Contributions to the debate have recently settled - as these things usually do - into a yawn-inducing array of clichés, all of which must necessarily end with a tribute to "decency, tolerance and a sense of fair play". So hats off to the leader of the Conservative Party, while he's still around, for taking things into the realm of blazing ludicrousness with his recent return to proposals for a "British dream".

Mr Howard's authorship of the concept doesn't exactly give it the best chance of catching on, but that has hardly dampened his enthusiasm. "No one here talks about the British dream," he moaned last week. "We should. We need to break down the barriers that exist in too many people's lives ... that prevent or deter them from making a success of life." He went on: "We need to inculcate a sense of allegiance to the values that are the hallmark of Britain." The latter, of course, are nothing less than - oh yes! - "decency, tolerance and a sense of fair play".

But let us take him at his word and think of some scenarios. A disruptive pupil is busy spoiling his classmates' chances of academic achievement, so the teacher pulls him back into line with a curt reminder: "Have you forgotten about the British dream?" En route in his Rover saloon to a two-week holiday in Aviemore, a freshly promoted middle manager turns to his wife and whispers, "Isn't it wonderful, darling?
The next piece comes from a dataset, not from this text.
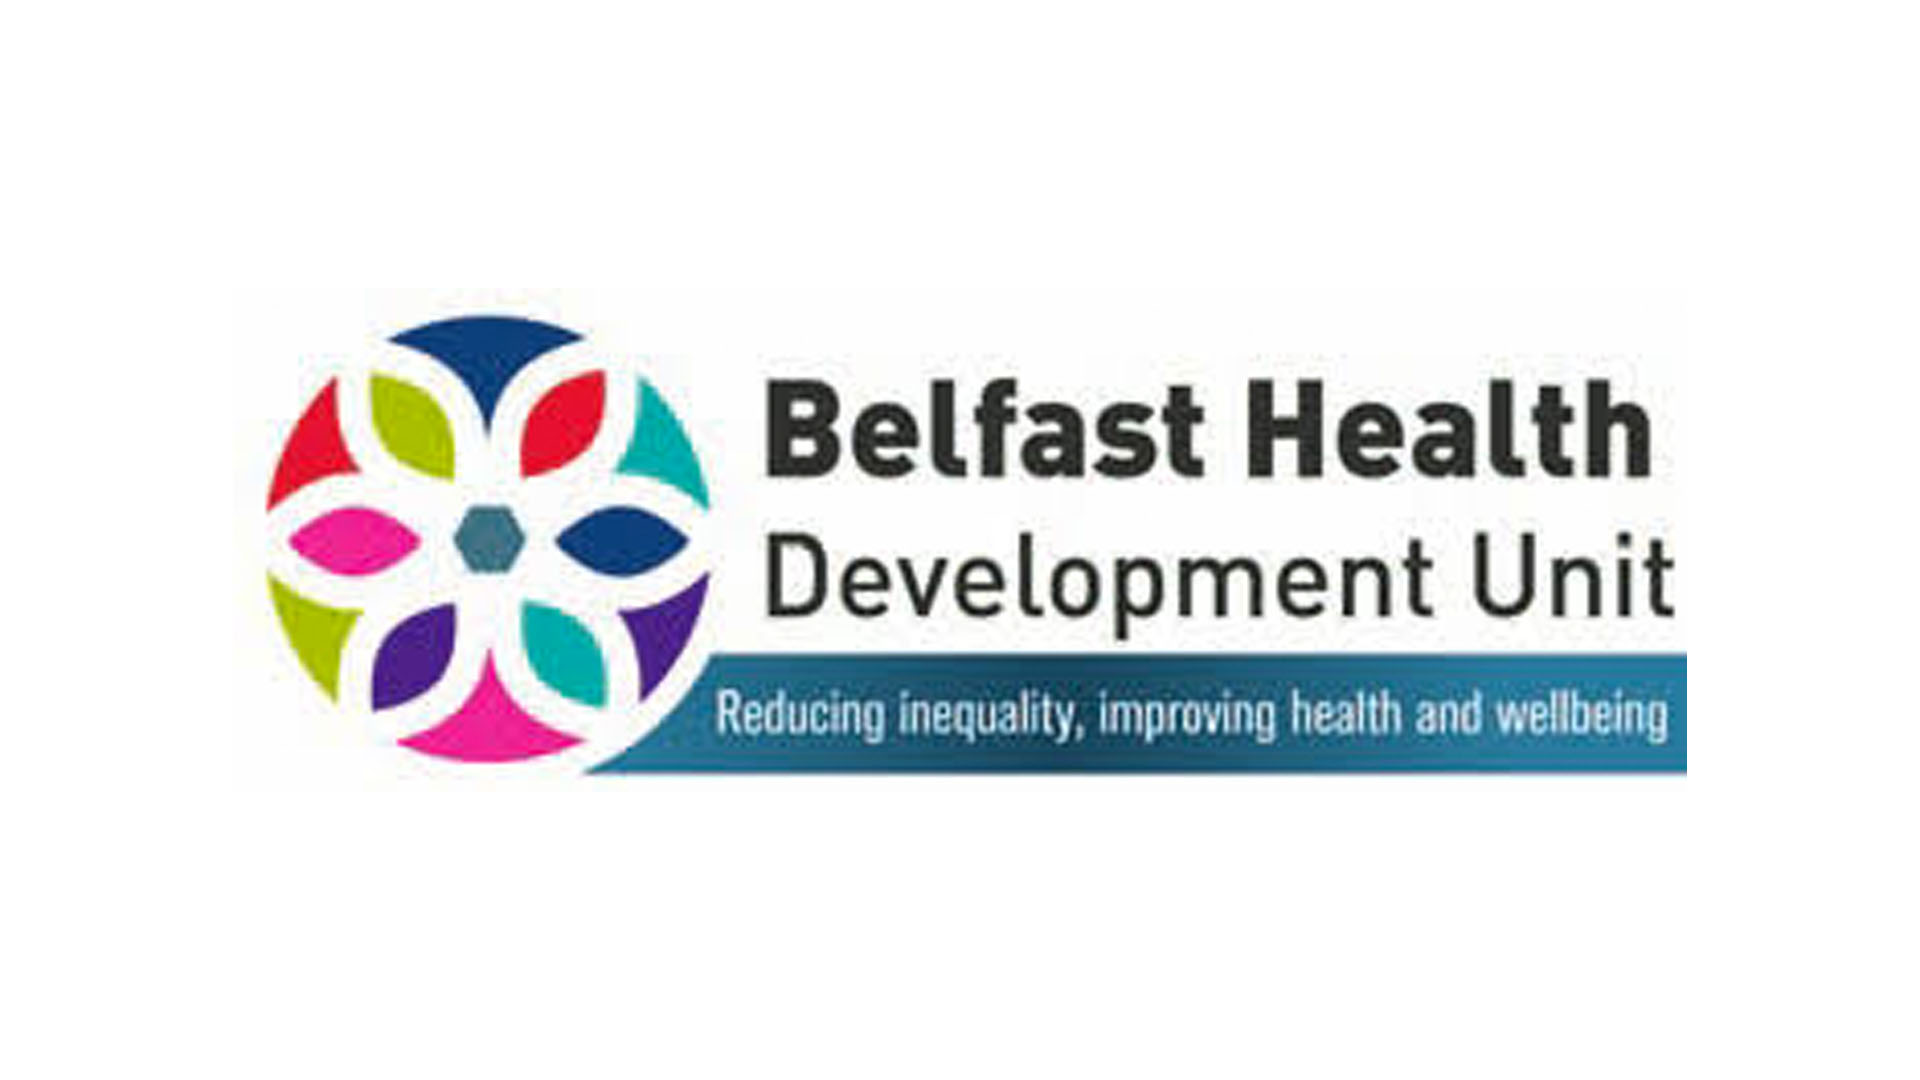 Belfast Health Development Unit

We're living the British dream." One might imagine a suitably anthemic theme song, maybe delivered by Robbie Williams, some-where beteen "Angels" and "Jerusalem".

If this seems unlikely, that's probably thanks to a set of national virtues that most of our politicians have all but forgotten. If there are such things as British values, they are surely tied up with an empirical, sceptical mindset that has no need for any kind of national myth at all.

As George Orwell pointed out in "The Lion and the Unicorn" - quoted occasionally by those currently tying themselves in patriotic knots, though none of them seem to have understood it - we have "a horror of abstract thought ... [and] no need for any philosophy or systematic world-view". Moreover, "all the boasting and flag-wagging, the 'Rule Britannia' stuff is done by small minorities". We are not, in short, a nation given to dreams, least of all self-consciously British ones.

Instead, this country's philosophical gift to the world has been a kind of enlightened slovenliness, which most of our politicians used to ooze, until Margaret Thatcher decided the Tory Party needed its own Weltanschauung, and Tony Blair went one better by heralding the age of the party-leader-as-wide-eyed-messiah. Indeed, as far as the current hoo-ha about national identity is concerned, the Prime Minister has a great deal to answer for.

If the current "debate" started anywhere, it was in the period of political innocence during which Mr Blair talked about reinventing the UK as a "young country" and New Labour trumpeted "the rebranding of Britain". That such schemes were doomed to failure was amply demonstrated by their grand summation: the Millennium Dome, that lasting monument to our uselessness with big ideas.

Five years on, if we really do need a credo that might somehow dampen the spirits of would-be terrorists, reunite our towns and cities and steady our nerves, I'd pick the words of a Conservative leader whose only dreams came in his sleep, and who, unlike Mr Howard, actually made it to Downing Street. "Nothing matters very much, and most things don't matter at all," reckoned Arthur Balfour. Isn't that about as British as it gets?